The western flank of the Great Bahama Bank, drilled during ODP Leg 166 at seven sites, represents a prograding carbonate sequence from late Oligocene to Holocene [Eberli et al., Proc. ODP Init. Reports 166 (1997)]. The signatures of the detrital input and of diagenetic alteration are evident in clay enriched intervals from the most distal Sites 1006 and 1007 in the Straits of Florida. Mineralogical and chemical investigations (XRD, TEM, SEM, ICP-MS) run on bulk rocks and on the clay fractions enable the origin and evolution of silicate parageneses to be characterized. Plio-Pleistocene silt and clay interbeds contain detrital clay assemblages comprising chlorite, illite, interstratified illite smectite, smectite, kaolinite and palygorskite. The greater smectite input within late Pliocene units than in Pleistocene oozes may relate either varying source areas or change in paleoclimatic conditions and weathering intensity. The clay intervals from Miocene-upper Oligocene wackestone sections are fairly different, with prevalent smectite in the fine fraction, whose high crystallinity and Mg contents that point towards an authigenic origin.
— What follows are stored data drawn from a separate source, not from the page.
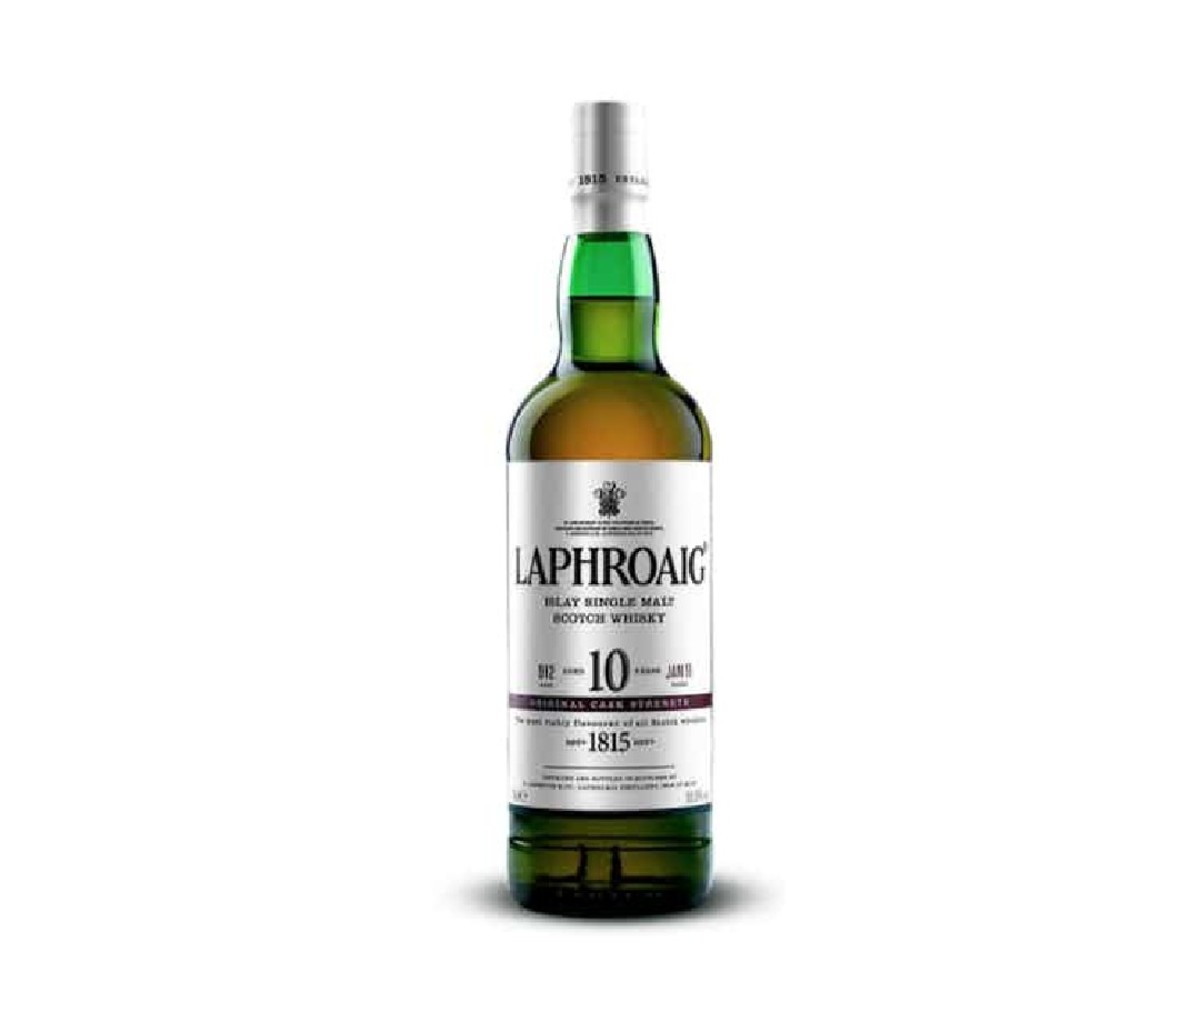 A bottle of Laphroaig 10-Year-Old Cask Strength Single Malt Scotch Whisky.
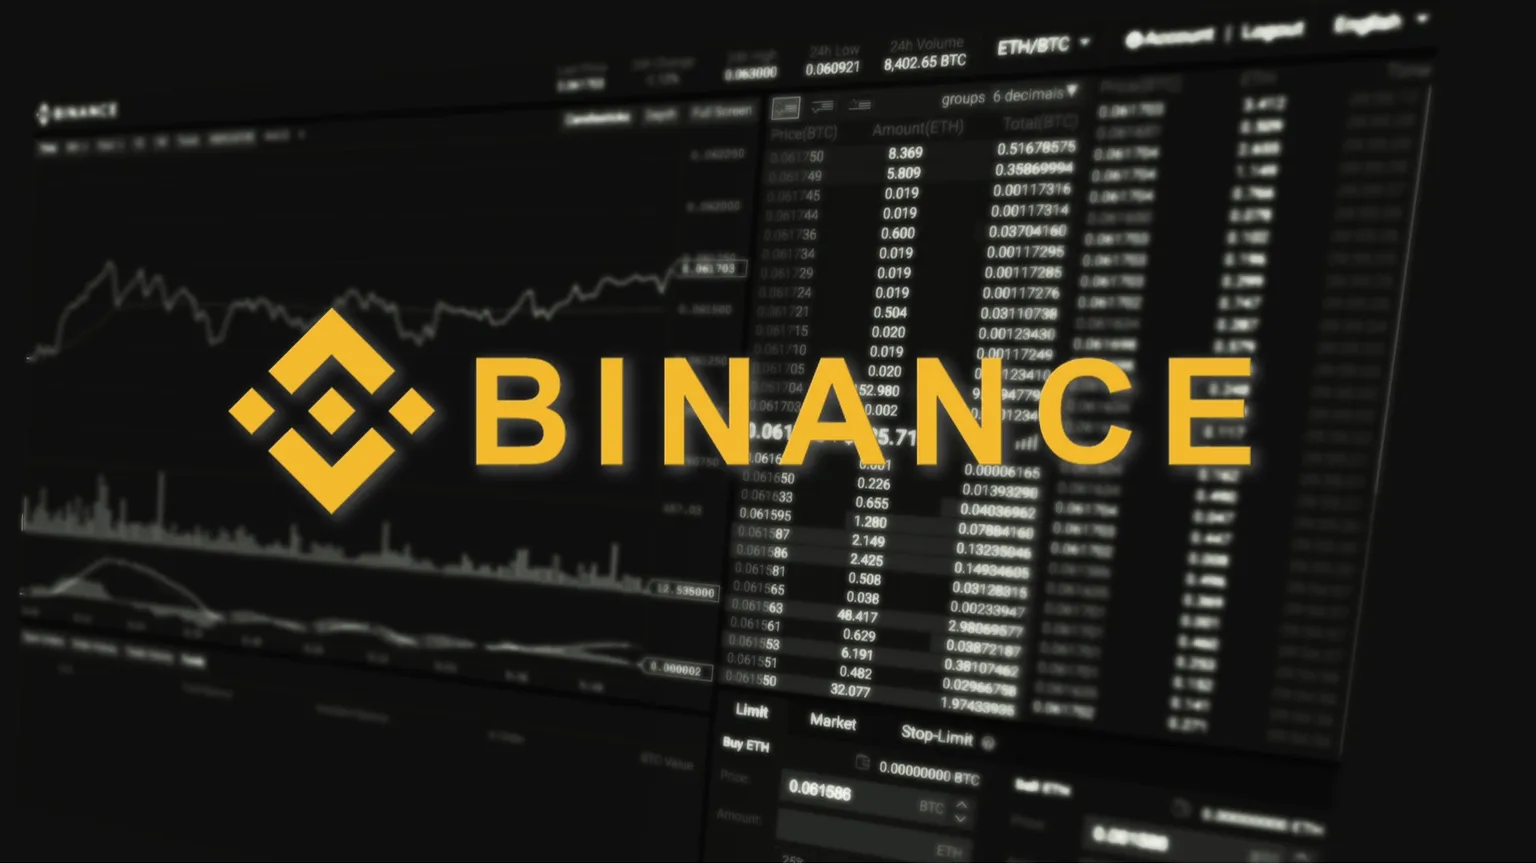 Binance is a popular crypto exchange. Image: Shutterstock.
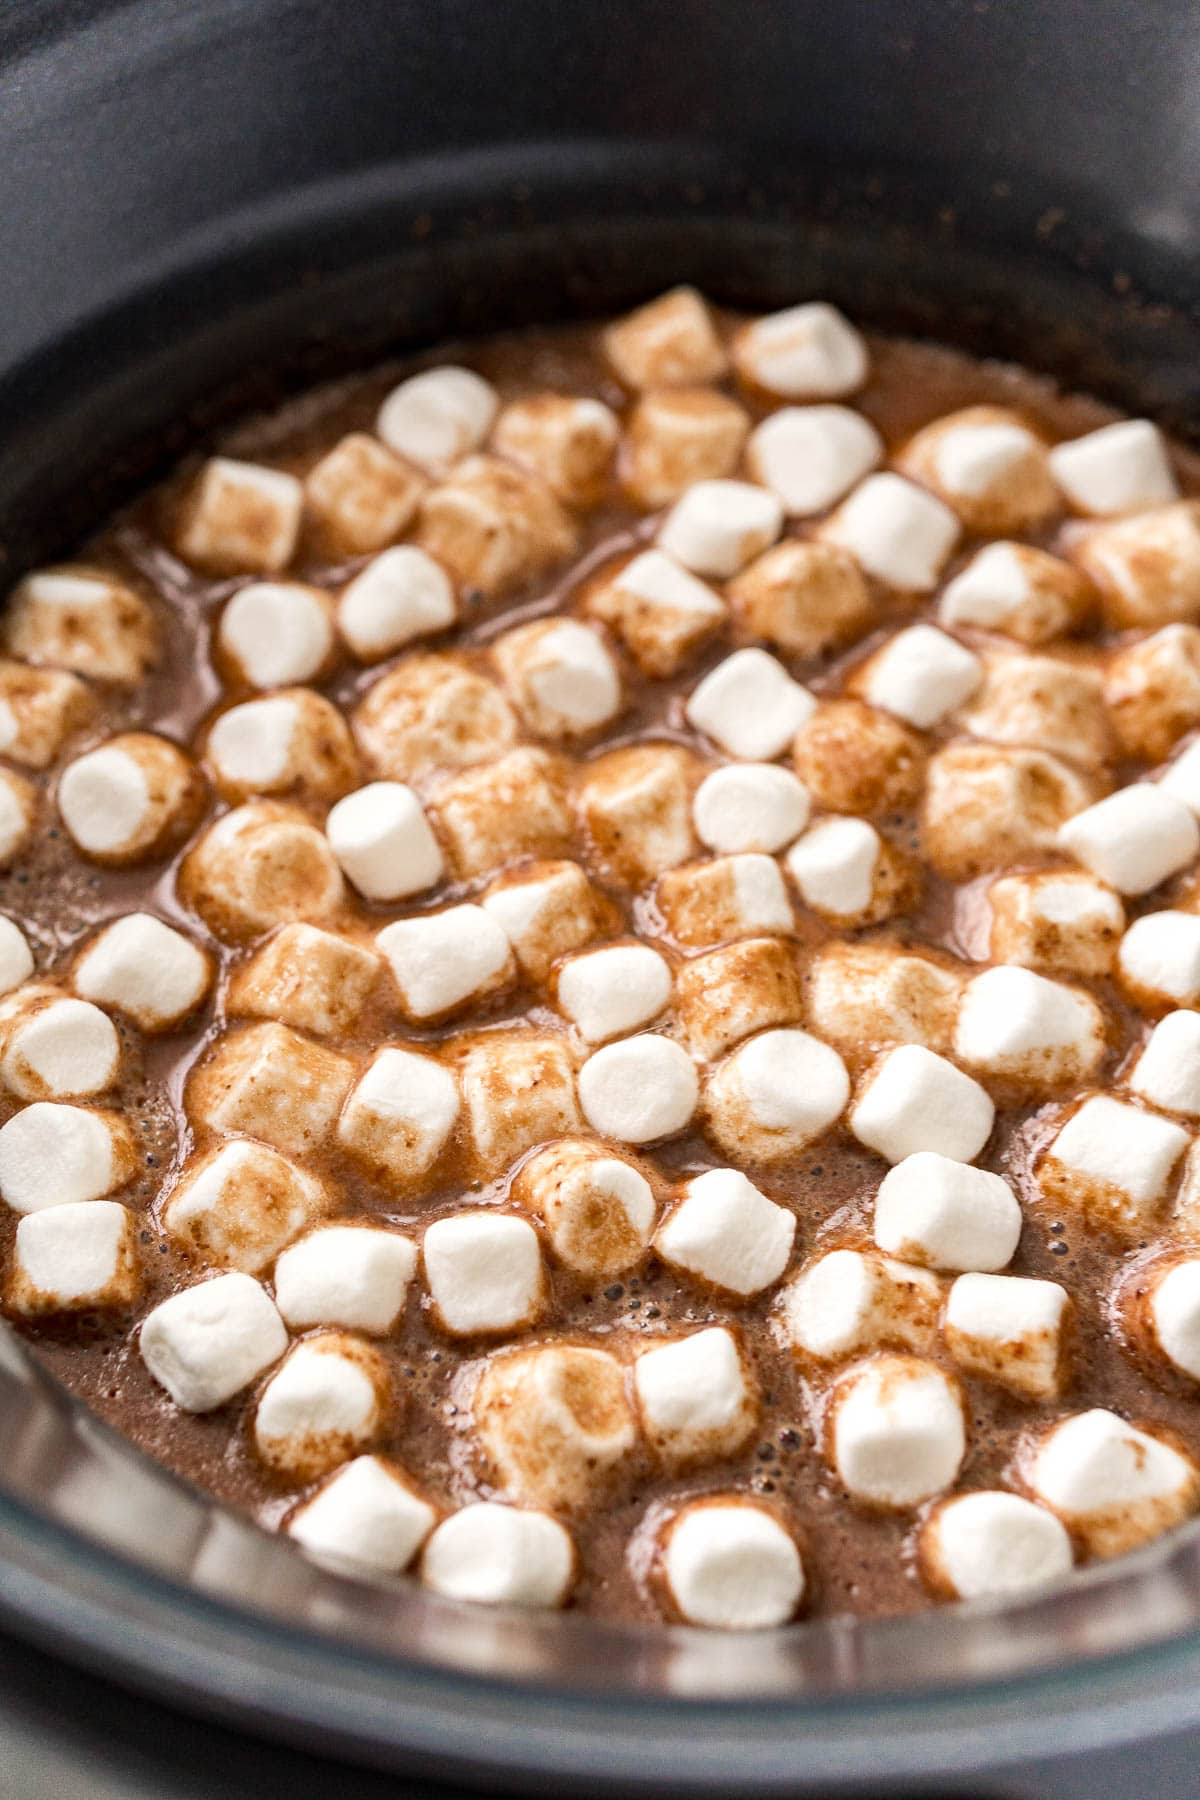 Mini marshmallows and hot chocolate in a crockpot.

The lower Miocene section, below 1104 mbsf, at depths where compaction features are well developed, is particularly characterized by abundant authigenic Na-K-clinoptilolite filling foraminifer tests. The authigenic smectite and clinoptilolite paragenesis is recorded by the chemical trends, both of the sediment and the interstitial fluid. This diagenetic evolution implies Si- and Mg rich fluids circulating in deeper and older sequences. For lack of any local volcaniclastic input, the genesis of zeolite and the terms of water rock interaction are discussed. The location of the diagenetic front correlates with that of the seismic sequence boundary P2 dated as 23.2 Ma. This correspondence may allow the chronostratigraphic significance of some specific seismic reflections to be reassessed.